Why indexes organize data in Elasticsearch - Performance Analysis
Indexes in Elasticsearch help organize data to make searching faster.
We want to know how the time to find data changes as the amount of data grows.
Analyze the time complexity of searching data using an index.
GET /my_index/_search
{
"query": {
"match": {
"title": "elasticsearch"
}
}
}
This code searches the "title" field in the "my_index" index for the word "elasticsearch".
When searching, Elasticsearch looks through the index structure.
- Primary operation: Traversing the index tree to find matching documents.
- How many times: The search moves down the tree levels, which depends on the index size.
As the number of documents grows, the index tree grows in height slowly.
| Input Size (n) | Approx.

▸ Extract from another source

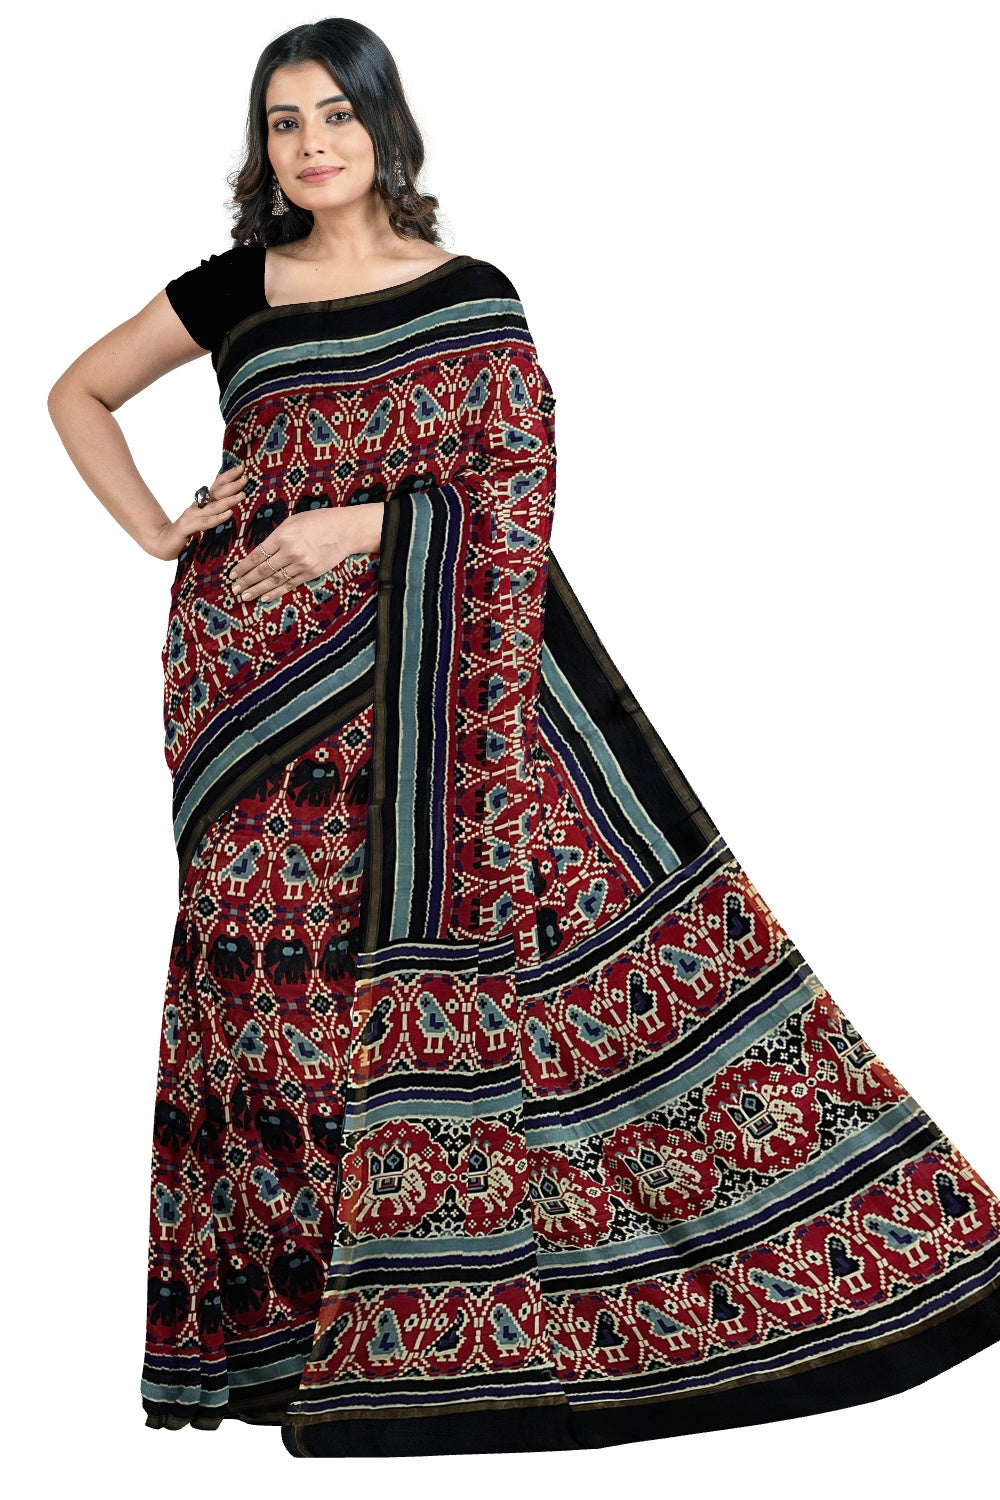 Southloom Cotton Red and Black Designer Printed Saree

Operations |
|---|---|
| 10 | About 3 steps down the tree |
| 100 | About 7 steps down the tree |
| 1000 | About 10 steps down the tree |
Pattern observation: The steps grow slowly compared to the number of documents, making search efficient.
Time Complexity: O(log n)
This means the search time grows slowly as data grows, because the index helps find data quickly.
[X] Wrong: "Searching an index checks every document one by one."
[OK] Correct: The index organizes data so Elasticsearch jumps directly to relevant parts, not checking all documents.
Understanding how indexes speed up search shows you know how data organization affects performance, a key skill in many programming tasks.
"What if the index was not used and Elasticsearch searched all documents directly? How would the time complexity change?"